▶ [The records]:
○ ○ ○ ○ ○ ○ ○

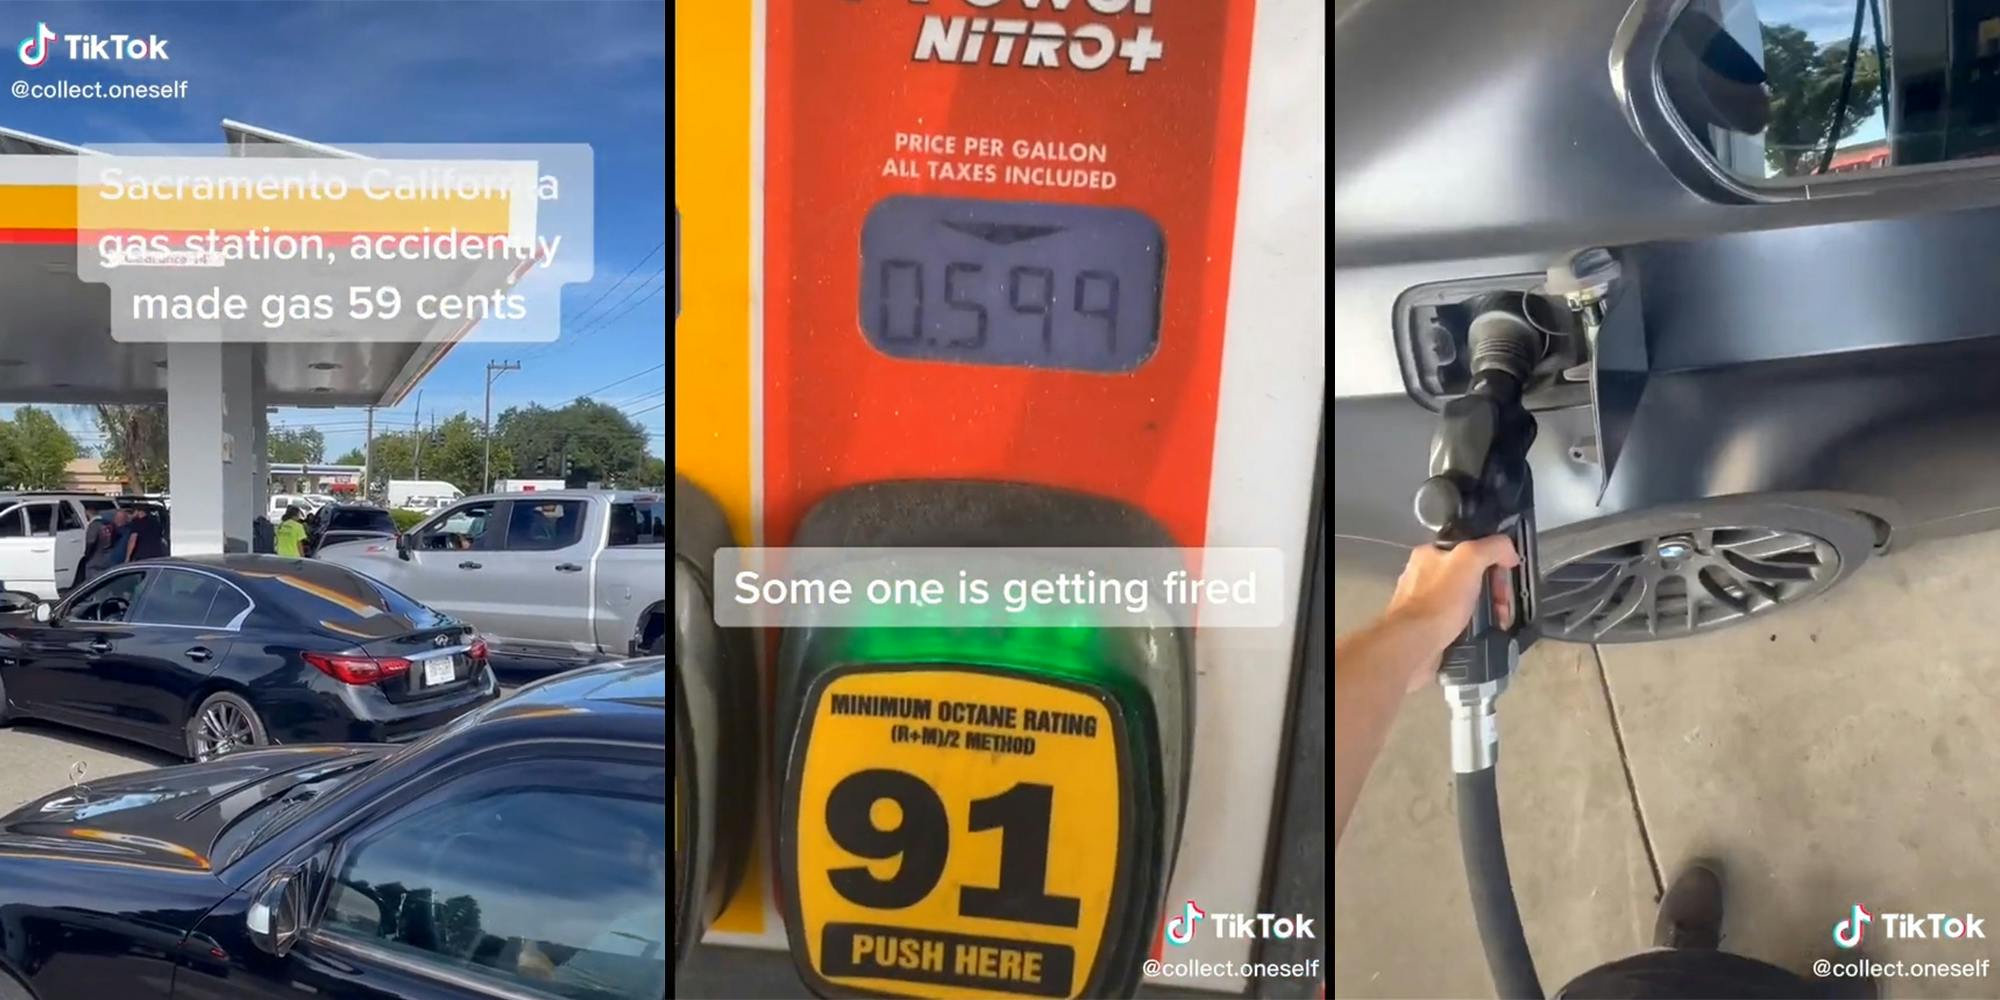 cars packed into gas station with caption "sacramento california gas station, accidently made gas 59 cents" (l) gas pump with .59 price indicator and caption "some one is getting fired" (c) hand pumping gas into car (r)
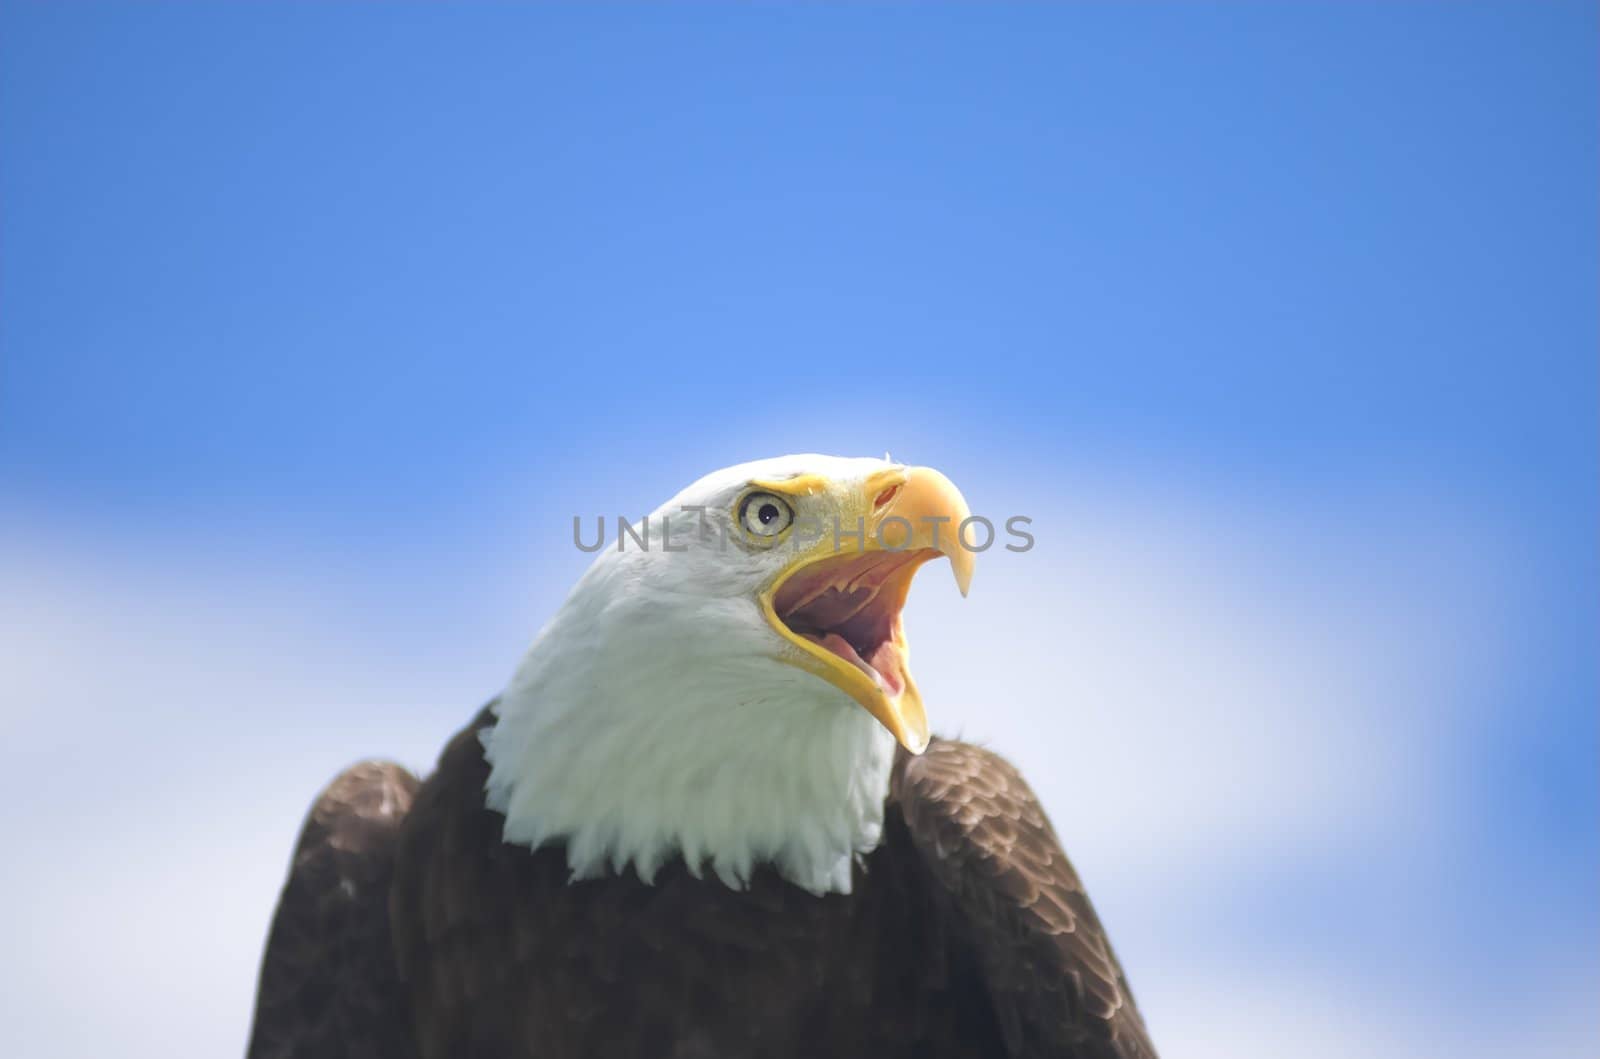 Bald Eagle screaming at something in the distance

○ ○ ○ ○ ○ ○ ○

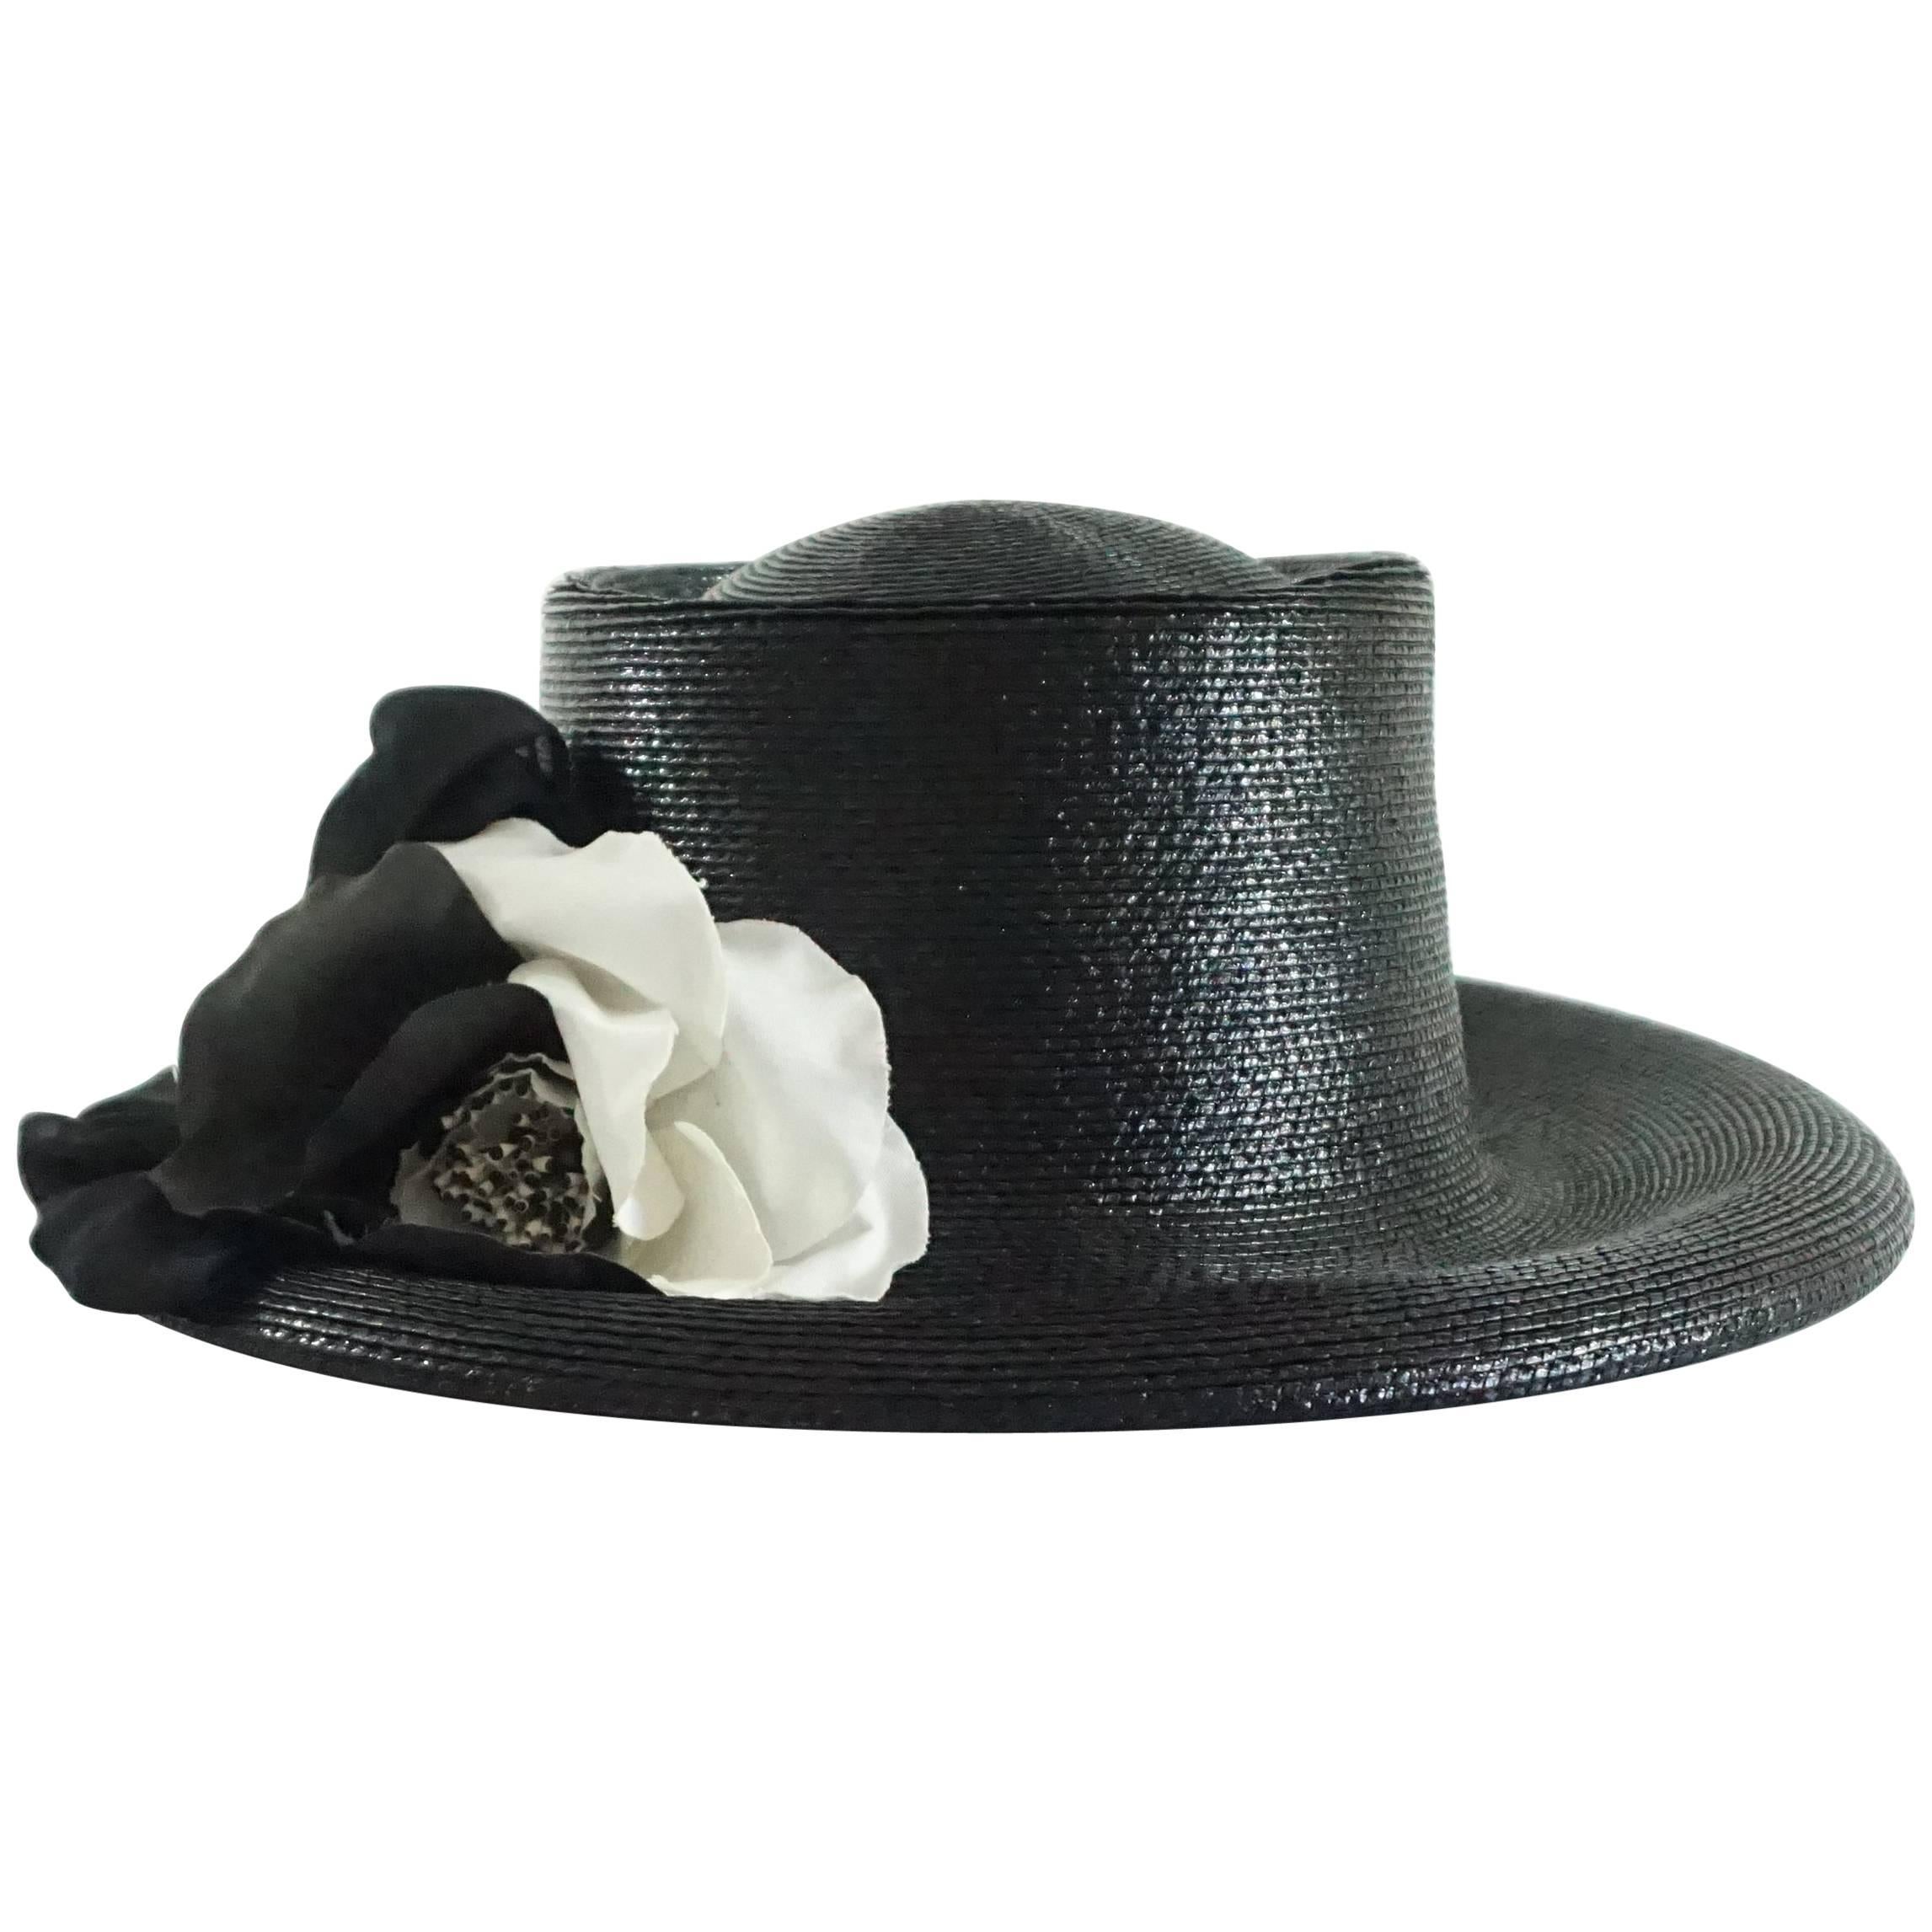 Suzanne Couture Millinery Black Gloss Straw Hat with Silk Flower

○ ○ ○ ○ ○ ○ ○

▶ [Task statement]: Beginning at the line above that contains "cars packed into", repeat each line exactly through the one that contains "Bald Eagle screaming", and leave out the pictures.

▶ [The completed task]:
 cars packed into gas station with caption "sacramento california gas station, accidently made gas 59 cents" (l) gas pump with .59 price indicator and caption "some one is getting fired" (c) hand pumping gas into car (r)
 Bald Eagle screaming at something in the distance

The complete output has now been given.